Your goal
The data below should be retyped exactly, with the pictures left out.

Exercise data
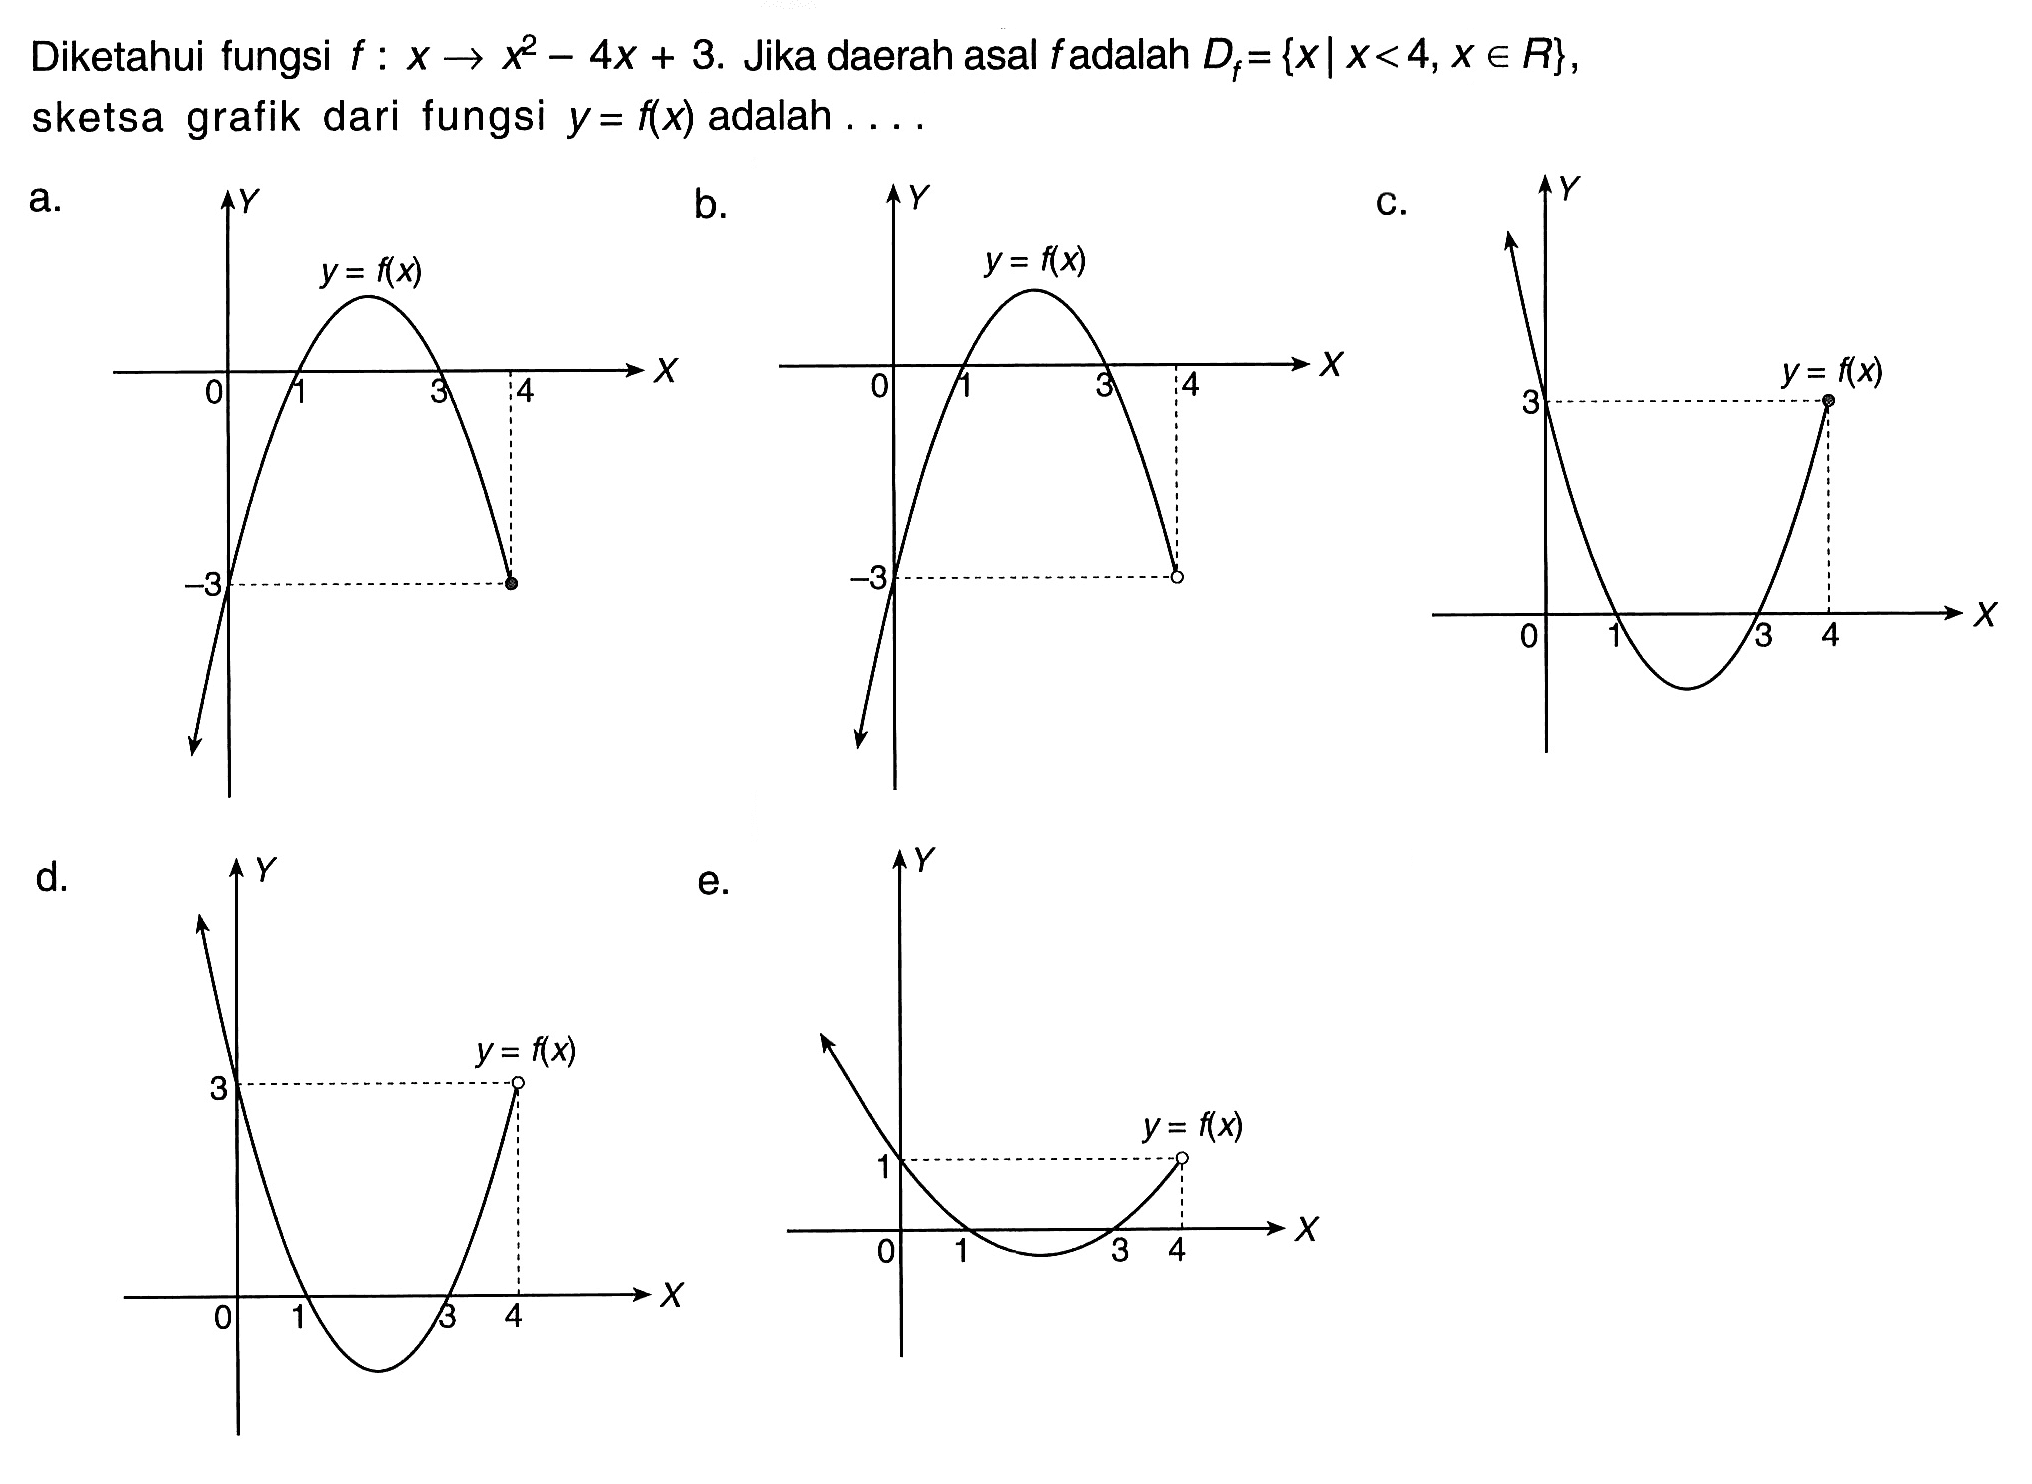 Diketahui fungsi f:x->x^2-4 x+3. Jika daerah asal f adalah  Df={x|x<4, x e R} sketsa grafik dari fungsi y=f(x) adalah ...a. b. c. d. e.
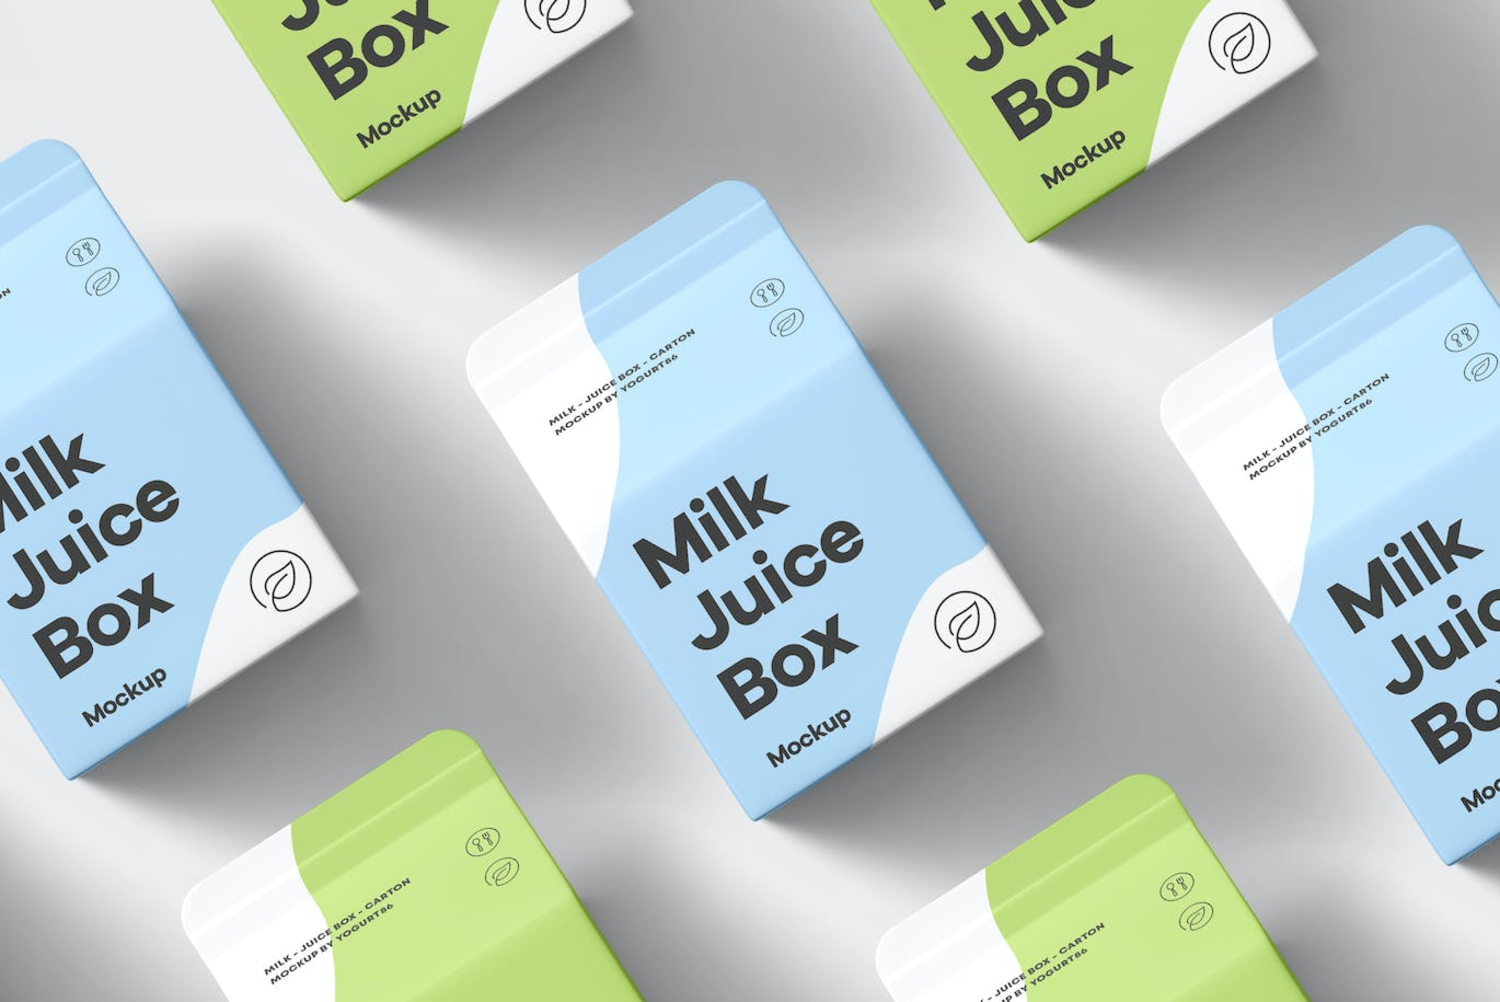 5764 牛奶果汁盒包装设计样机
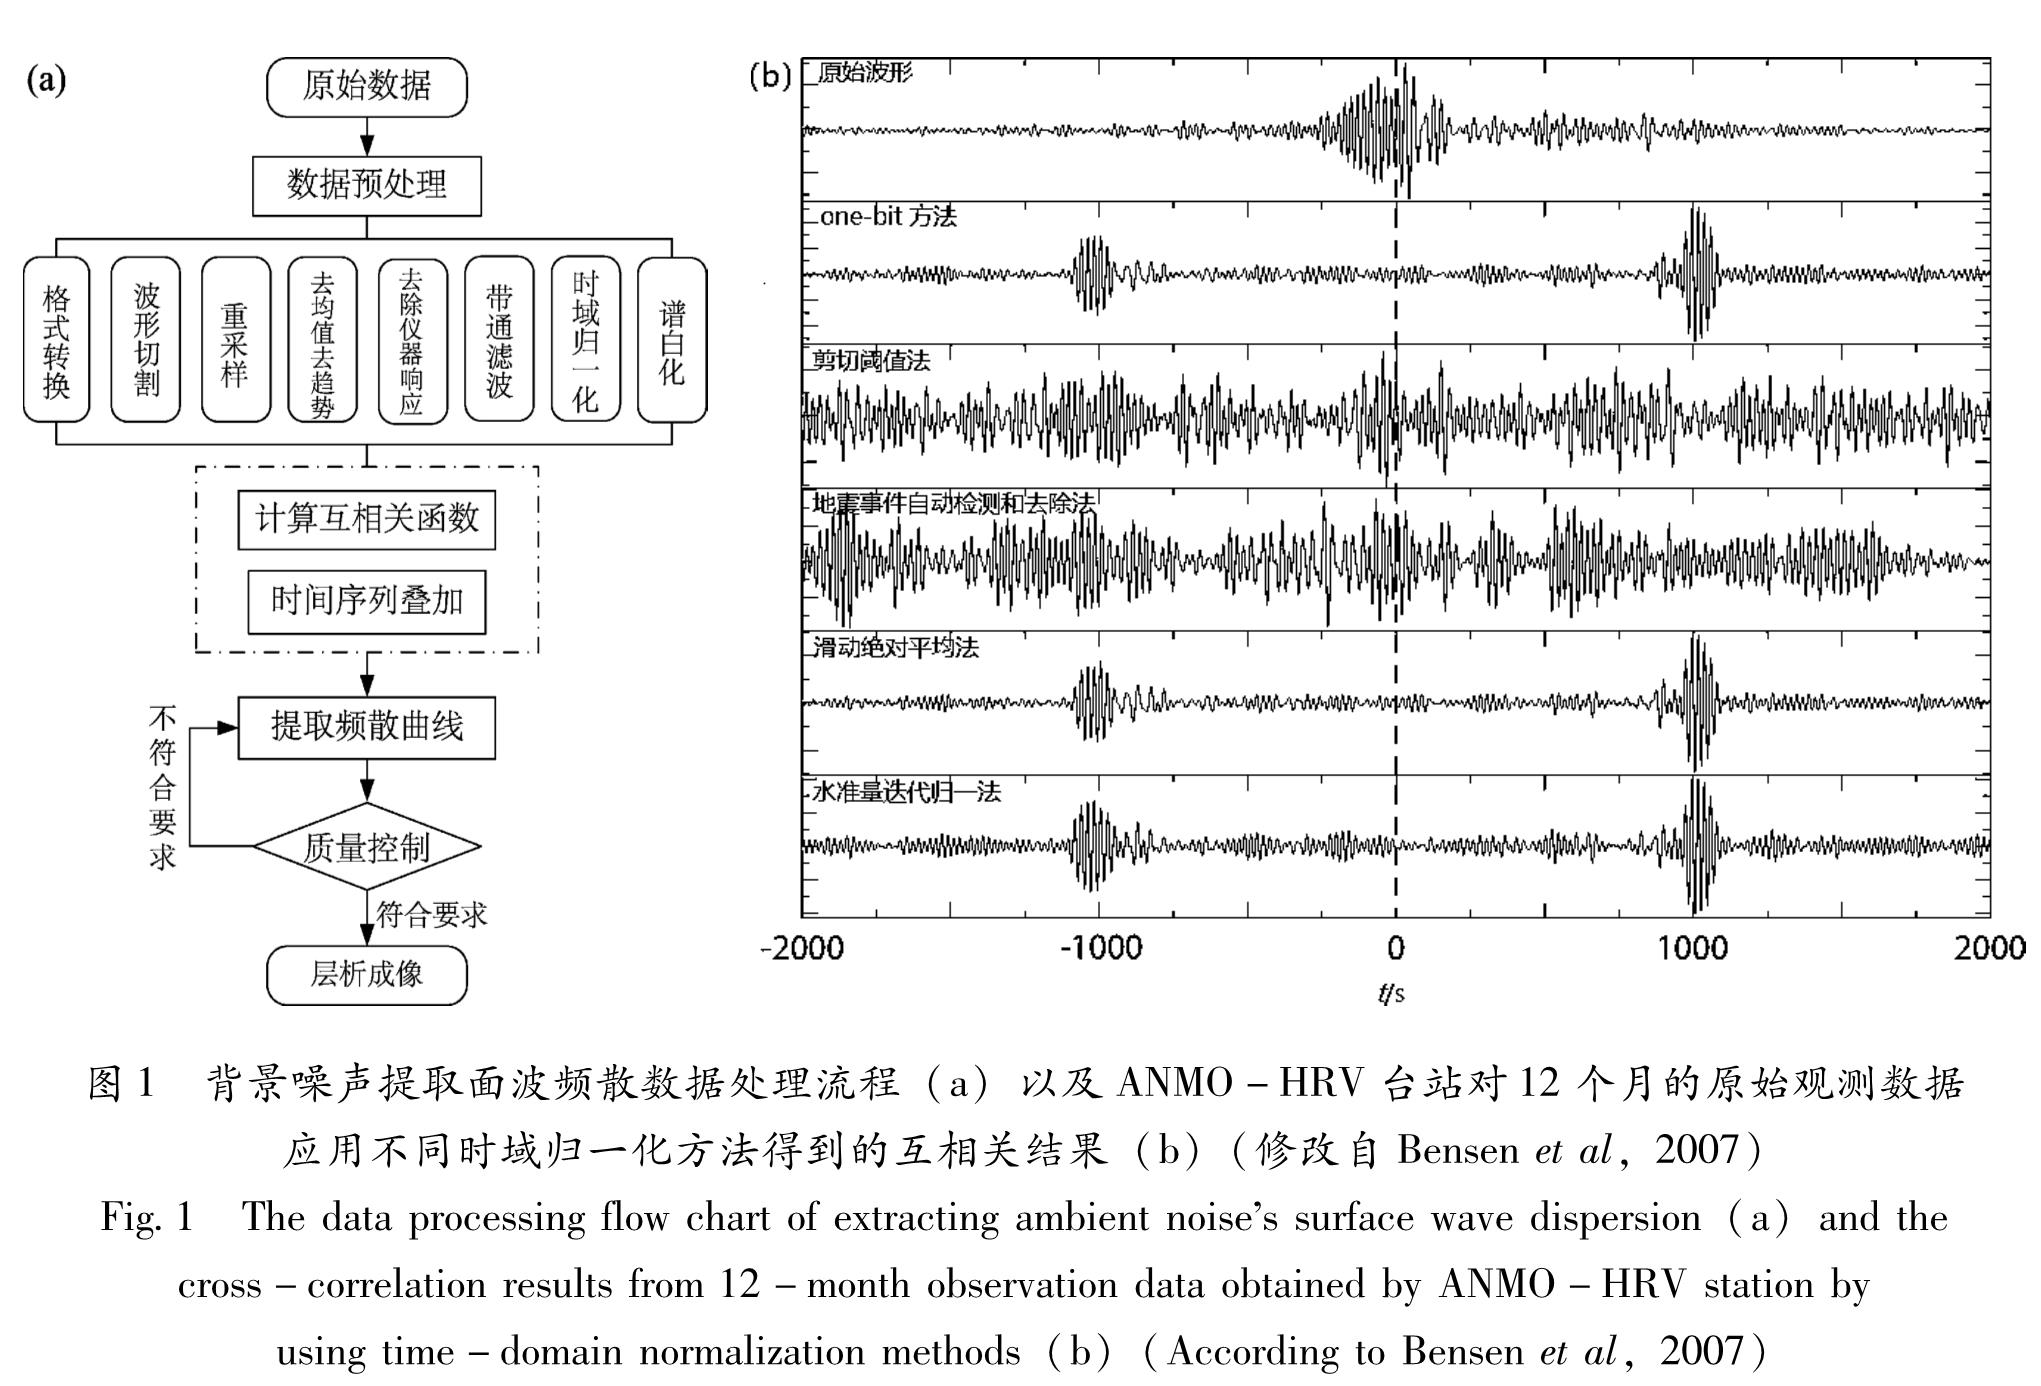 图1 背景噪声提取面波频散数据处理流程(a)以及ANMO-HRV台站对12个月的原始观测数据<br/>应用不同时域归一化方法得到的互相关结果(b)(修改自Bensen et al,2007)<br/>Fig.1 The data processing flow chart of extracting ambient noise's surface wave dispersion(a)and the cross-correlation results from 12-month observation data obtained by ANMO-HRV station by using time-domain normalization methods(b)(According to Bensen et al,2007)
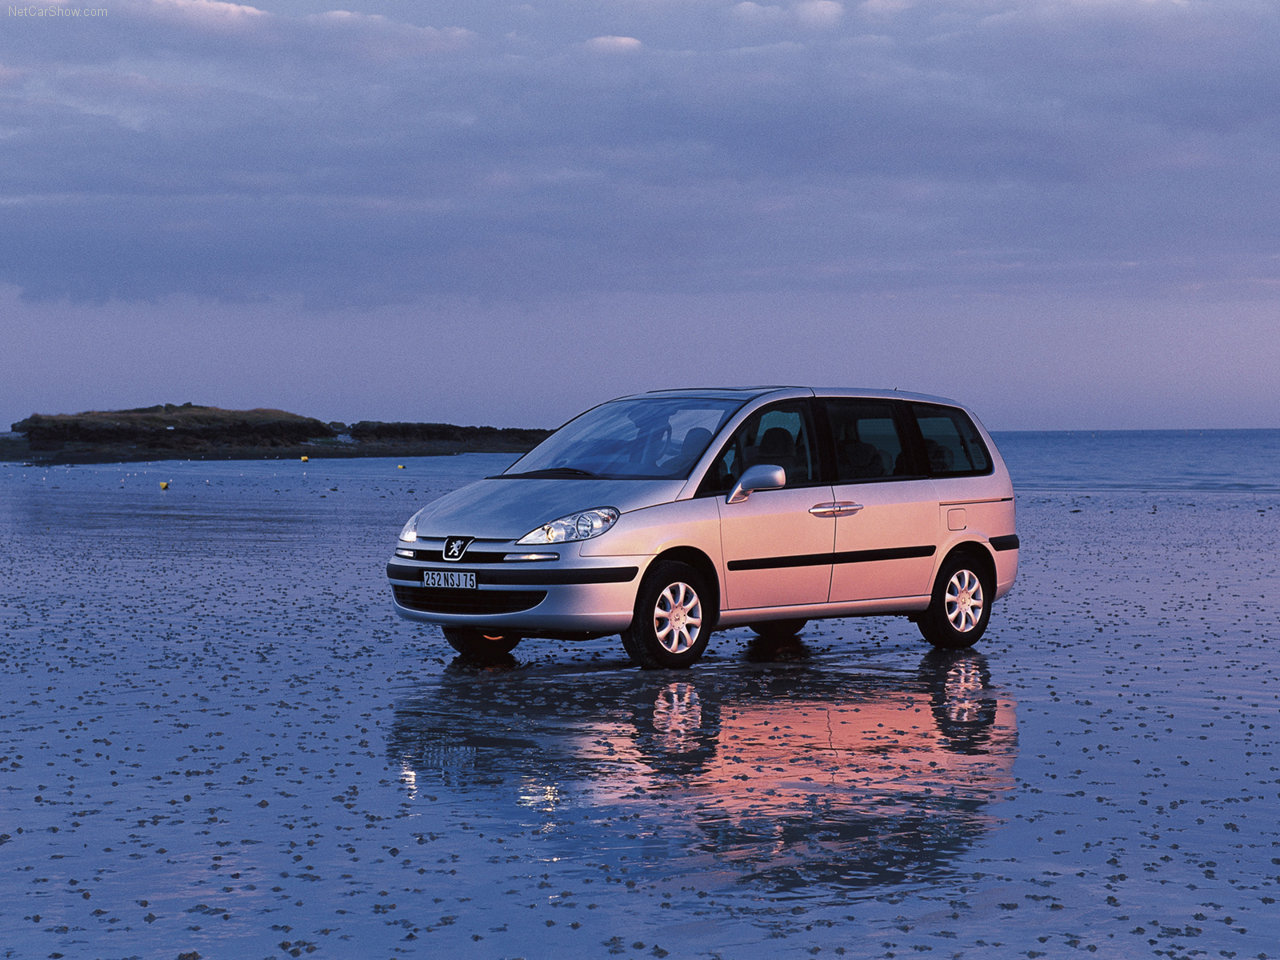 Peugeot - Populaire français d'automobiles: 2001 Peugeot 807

Written response
 Diketahui fungsi f:x->x^2-4 x+3. Jika daerah asal f adalah  Df={x|x<4, x e R} sketsa grafik dari fungsi y=f(x) adalah ...a. b. c. d. e.
 5764 牛奶果汁盒包装设计样机
 图1 背景噪声提取面波频散数据处理流程(a)以及ANMO-HRV台站对12个月的原始观测数据<br/>应用不同时域归一化方法得到的互相关结果(b)(修改自Bensen et al,2007)<br/>Fig.1 The data processing flow chart of extracting ambient noise's surface wave dispersion(a)and the cross-correlation results from 12-month observation data obtained by ANMO-HRV station by using time-domain normalization methods(b)(According to Bensen et al,2007)
 Peugeot - Populaire français d'automobiles: 2001 Peugeot 807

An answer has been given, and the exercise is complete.